All voltage sources have two fundamental parts: a source of electrical energy that has a characteristic electromotive force (emf), and an internal resistance r. The emf is the work done per charge to keep the potential difference of a source constant. The emf is equal to the potential difference across the terminals when no current is flowing. The internal resistance r of a voltage source affects the output voltage when a current flows.
The voltage output of a device is called its terminal voltage $V_{terminal}$ and is given by $V_{terminal} = ε - I r$ , where I is the electric current and is positive when flowing away from the positive terminal of the voltage source and r is the internal resistance.

The equivalent resistance of an electrical circuit with resistors wired in a series is the sum of the individual resistances: $R_{s} = R_{1} + R_{2} + R_{3} + ⋯ = \sum_{i = 1}^{N} R_{i}$ .
Each resistor in a series circuit has the same amount of current flowing through it.
The potential drop, or power dissipation, across each individual resistor in a series is different, and their combined total is the power source input.
The equivalent resistance of an electrical circuit with resistors wired in parallel is less than the lowest resistance of any of the components and can be determined using the formula
$R_{eq} = {(\frac{1}{R_{1}} + \frac{1}{R_{2}} + \frac{1}{R_{3}} + ⋯)}^{−1} = {(\sum_{i = 1}^{N} \frac{1}{R_{i}})}^{−1} .$
Each resistor in a parallel circuit has the same full voltage of the source applied to it.
The current flowing through each resistor in a parallel circuit is different, depending on the resistance.
If a more complex connection of resistors is a combination of series and parallel, it can be reduced to a single equivalent resistance by identifying its various parts as series or parallel, reducing each to its equivalent, and continuing until a single resistance is eventually reached.

Kirchhoff’s rules can be used to analyze any circuit, simple or complex. The simpler series and parallel connection rules are special cases of Kirchhoff’s rules.
Kirchhoff’s first rule, also known as the junction rule, applies to the charge to a junction. Current is the flow of charge; thus, whatever charge flows into the junction must flow out.
Kirchhoff’s second rule, also known as the loop rule, states that the voltage drop around a loop is zero.
When calculating potential and current using Kirchhoff’s rules, a set of conventions must be followed for determining the correct signs of various terms.
When multiple voltage sources are in series, their internal resistances add together and their emfs add together to get the total values.
When multiple voltage sources are in parallel, their internal resistances combine to an equivalent resistance that is less than the individual resistance and provides a higher current than a single cell.
Solar cells can be wired in series or parallel to provide increased voltage or current, respectively.

Voltmeters measure voltage, and ammeters measure current. Analog meters are based on the combination of a resistor and a galvanometer, a device that gives an analog reading of current or voltage. Digital meters are based on analog-to-digital converters and provide a discrete or digital measurement of the current or voltage.
A voltmeter is placed in parallel with the voltage source to receive full voltage and must have a large resistance to limit its effect on the circuit.
An ammeter is placed in series to get the full current flowing through a branch and must have a small resistance to limit its effect on the circuit.
Standard voltmeters and ammeters alter the circuit they are connected to and are thus limited in accuracy.
Ohmmeters are used to measure resistance. The component in which the resistance is to be measured should be isolated (removed) from the circuit.

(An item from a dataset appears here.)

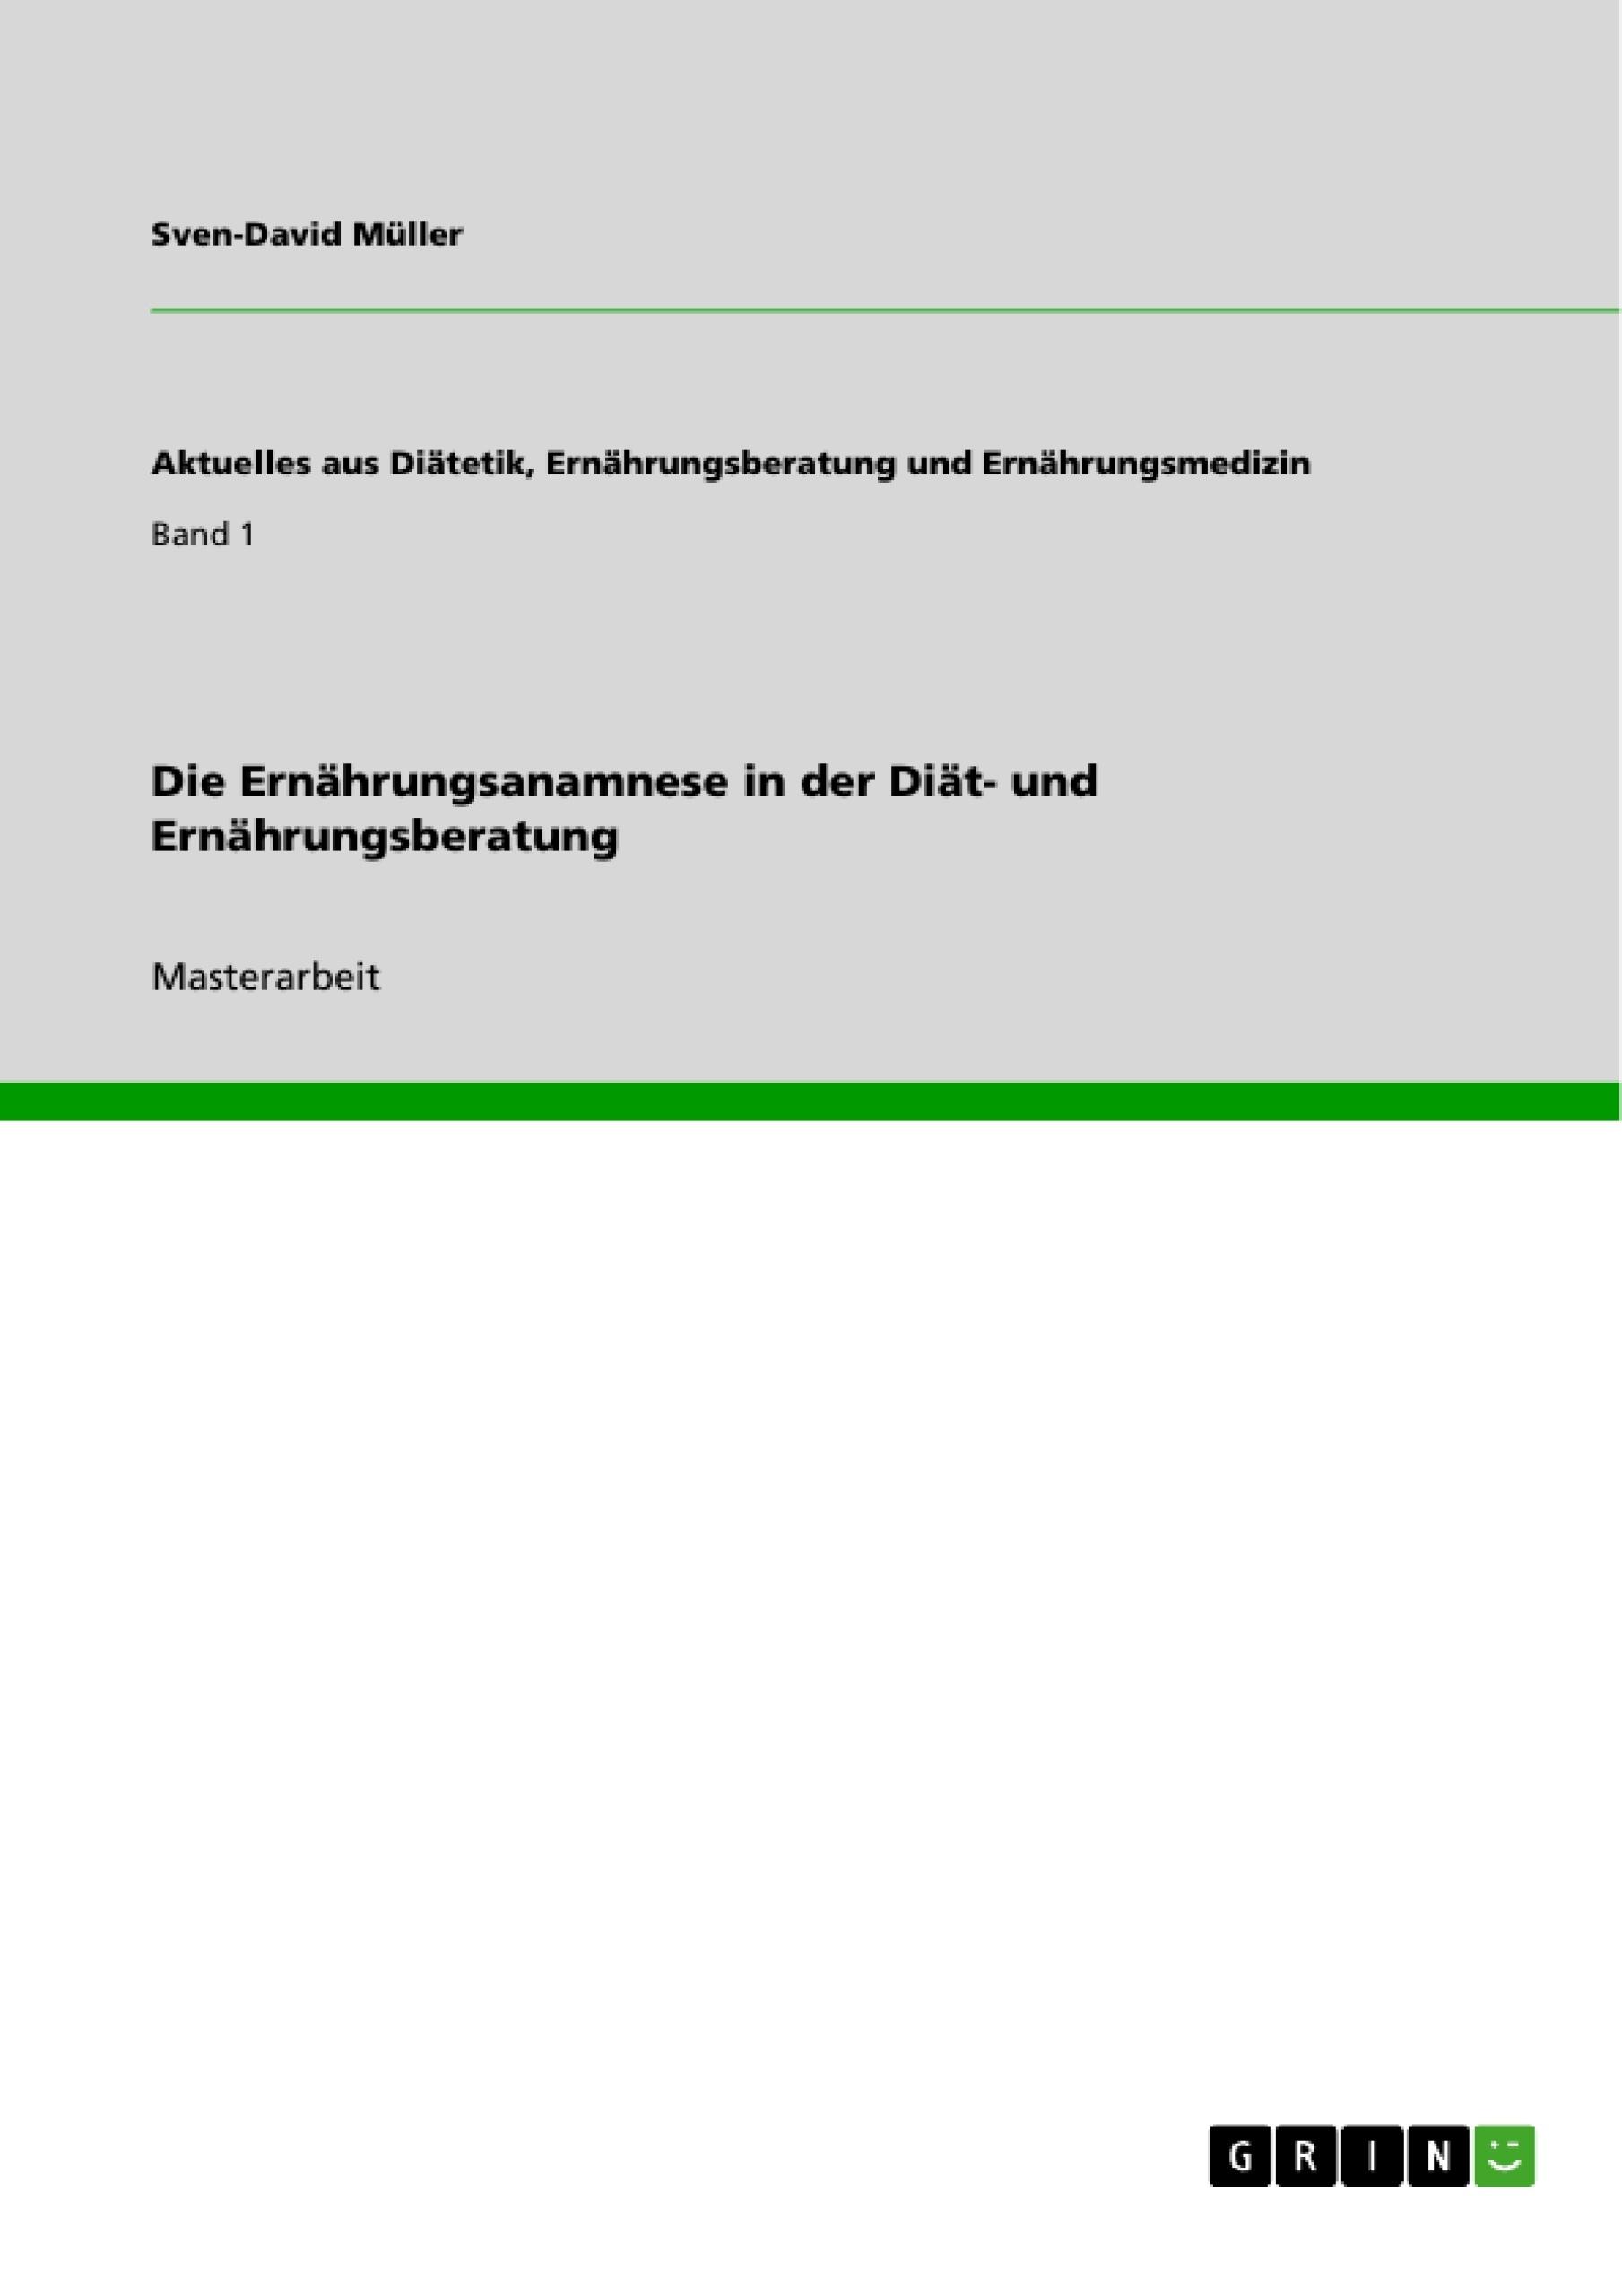 Titel: Die Ernährungsanamnese in der Diät- und Ernährungsberatung

An RC circuit is one that has both a resistor and a capacitor.
The time constant $τ$ for an RC circuit is $τ = R C .$
When an initially uncharged $(q = 0 at t = 0)$ capacitor in series with a resistor is charged by a dc voltage source, the capacitor asymptotically approaches the maximum charge.
As the charge on the capacitor increases, the current exponentially decreases from the initial current: $I_{0} = ε / R .$
If a capacitor with an initial charge Q is discharged through a resistor starting at $t = 0$ , then its charge decreases exponentially. The current flows in the opposite direction, compared to when it charges, and the magnitude of the charge decreases with time.

The two types of electric hazards are thermal (excessive power) and shock (current through a person). Electrical safety systems and devices are employed to prevent thermal and shock hazards.
Shock severity is determined by current, path, duration, and ac frequency.
Circuit breakers and fuses interrupt excessive currents to prevent thermal hazards.
The three-wire system guards against thermal and shock hazards, utilizing live/hot, neutral, and ground wires, and grounding the neutral wire and case of the appliance.
A ground fault circuit interrupter (GFCI) prevents shock by detecting the loss of current to unintentional paths.